The point of a book like this, as I say, is to get both Christians and non-Christians to think again about the sort of world that we live in. And that is so important, because “we are all on a path either toward or away from the God who revealed himself in the Bible.” (p. 15) Christians should be growing more and more aware of the sort of God we claim to believe in, and non-Christians can be shown that the materialist creed is far too empty and reductionistic to explain what life is really all about.
Christians of all people should of course know that this world is NOT all there is. Indeed, this world is transitory and passing. Sure, it is an important and valuable world because God created it. But the entry of sin into the world meant that it is now radically marred and twisted. Thus the Christian looks forward to a new heaven and a new earth.
This is all basic Christianity. But as I have written elsewhere, too many believers live as if this world is all there is. They may speak about God and the supernatural and miracles and so on, but too often they are living lives indistinguishable from that of any non-believer.
We can be just like those in the world when we basically share their values and beliefs. We can be too much like them when we let the material world determining our frame of reference and how we look at things. We can be like the world when we effectively deny the power of God that is available to us. As I said in an earlier piece that discussed worldviews and the culture wars:
Simply consider the basis of the Christian life: the supernatural power of the indwelling Holy Spirit, helping us to live above-ordinary lives of holiness, boldness, power and grace. We have been equipped from above. We have been given all the spiritual tools we need to live a Christ-centred, God-pleasing and world-changing life.
Yet so many are just floundering and getting nowhere. So many live like the devil because they have no means to resist the devil. They are carnal because they prefer carnality to godliness. They are powerless because they are not connected to the source of our power. Christians Living like Atheists: Where Are the Warriors?

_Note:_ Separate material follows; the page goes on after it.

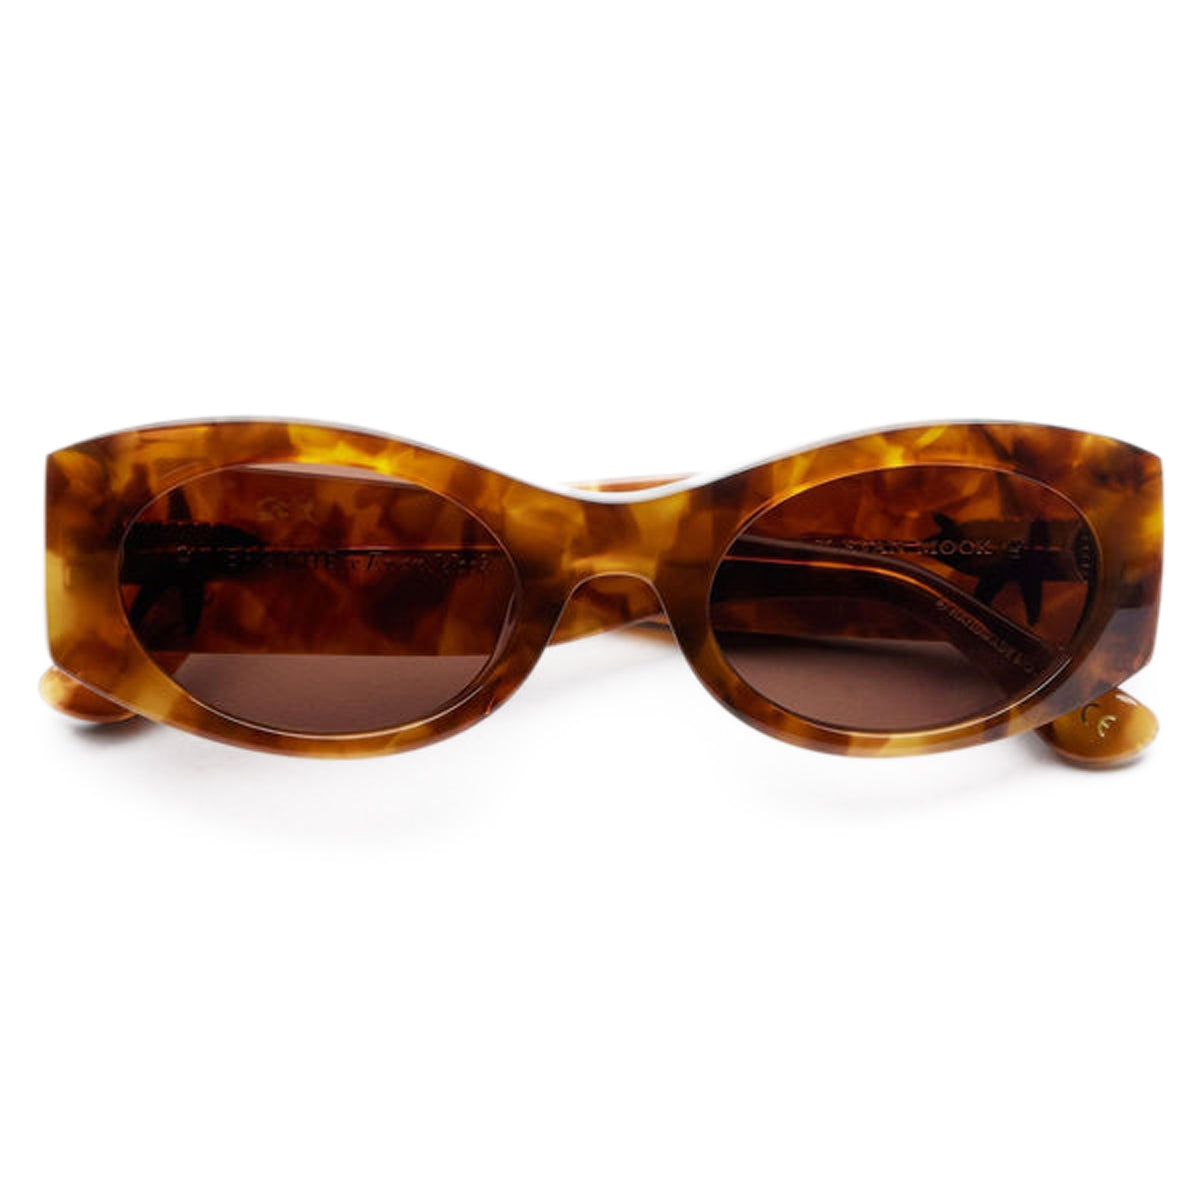 Epokhe Suede Sunglasses - Tortoise Polished/Bronze image 2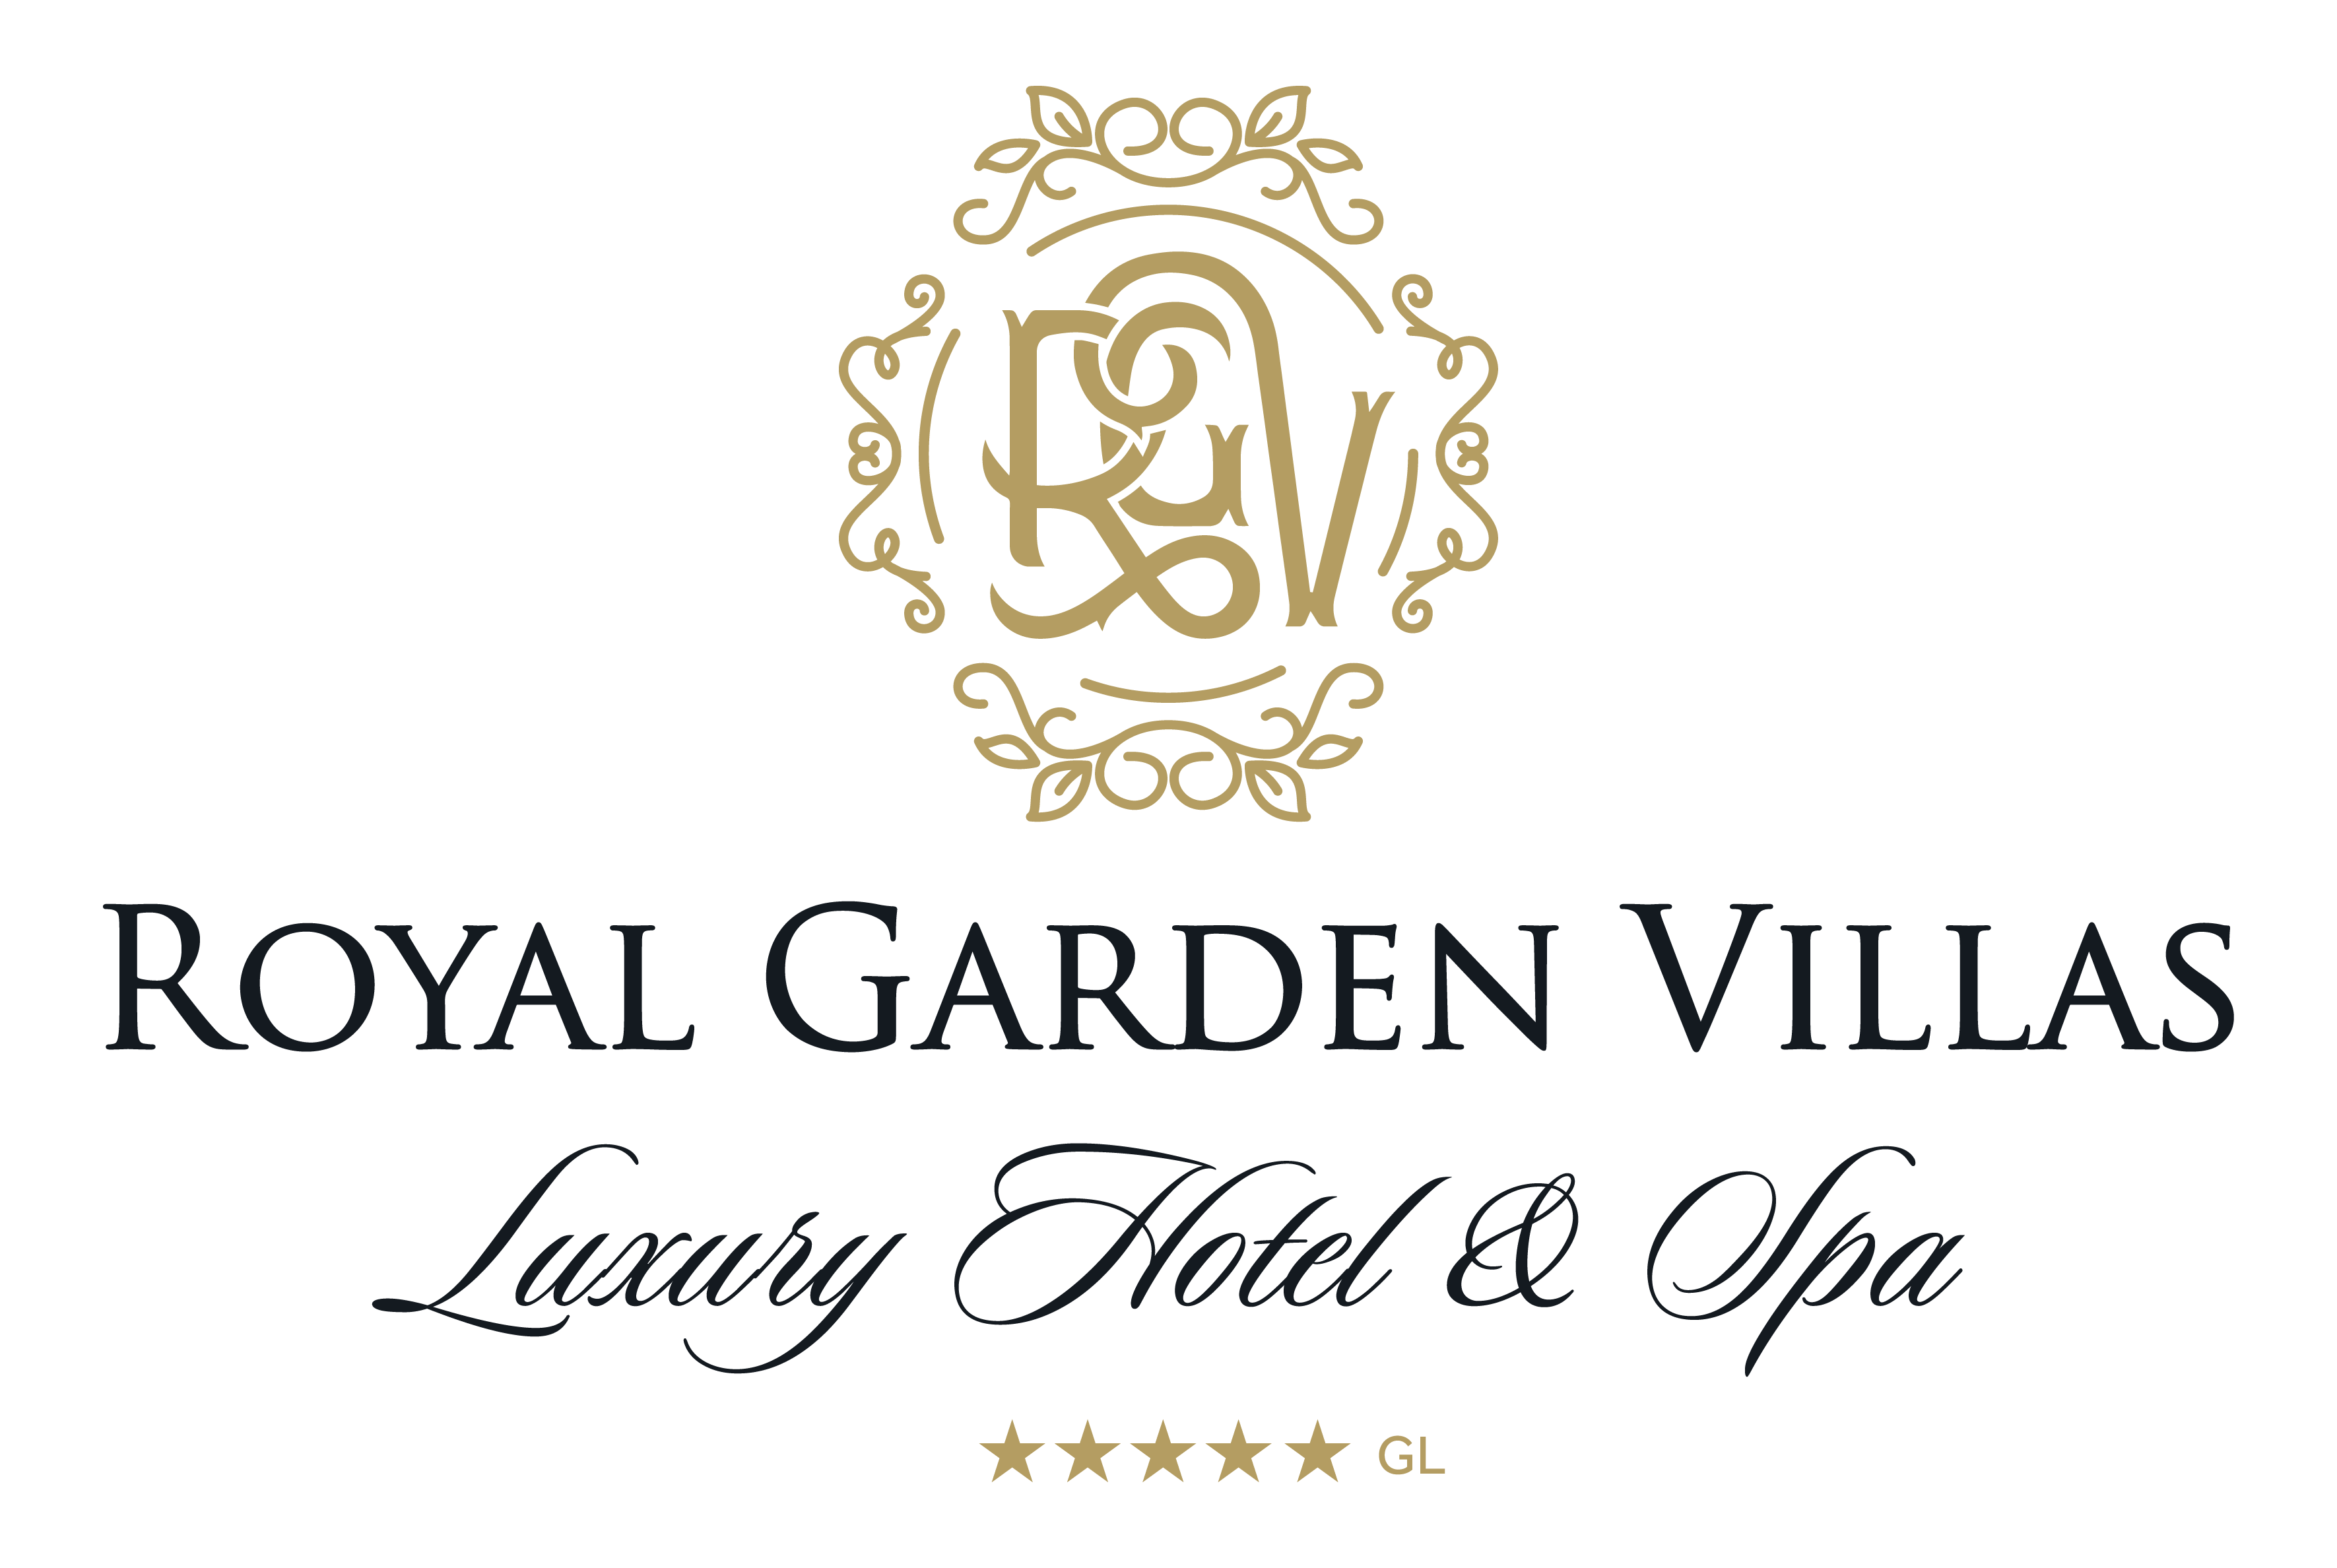 Royal Garden Villas

Part of the reason we are living like the world is because we are thinking like the world. We go to church on Sundays and sing about glorious, heavenly things, but the rest of the week we live as if this world is the only reality. Sure, there can be some believers who are too heavenly minded to be any earthly good. But the bulk of Western Christians have the opposite problem: they are too earthly minded to be any heavenly good.
Part of the problem is we are overly dependent on our five senses. Only what we can see and hear and feel seem real. And given that we serve an invisible God, that can really make things even more difficult. It is far easier to see the immediate problem in front of us than the problem-solving God in the spiritual realm.
I have written about this as well, and mentioned some earlier books such as Philip Yancey’s Reaching for the Invisible God (Zondervan, 2000). As the West becomes increasingly secular, materialistic, and doubtful of metaphysical truths and spiritual realities, the Christian must more than ever affirm and represent the God that we actually serve.
With all this in mind I simply want to point out a new book that deals with all this, and offer a few quotes from its opening pages. I may yet do a proper review of the volume, but for now, alerting you to it will suffice. I refer to the most recent offering from Rod Dreher: Living in Wonder: Finding Mystery and Meaning in a Secular Age (Hodder & Stoughton, 2024).
I have of course discussed him before, be it looking at his The Benedict Option (2017), or his more recent volume, Live Not By Lies (2020). See these pieces for example:
Strangers in a Strange Land: Christianity and Contemporary Culture
A Review of Live Not By Lies. By Rod Dreher
His new book is suitable both for believers and non-believers. The former need to be reminded of the spiritual realities we claim to believe in, while the latter can learn about the shallowness and incompleteness of their naturalistic worldview.
Both groups need a good dose of enchantment. But I need to stop right here. As Dreher says, “Some Christians are suspicious of the word ‘enchantment’ because of its magical overtones.”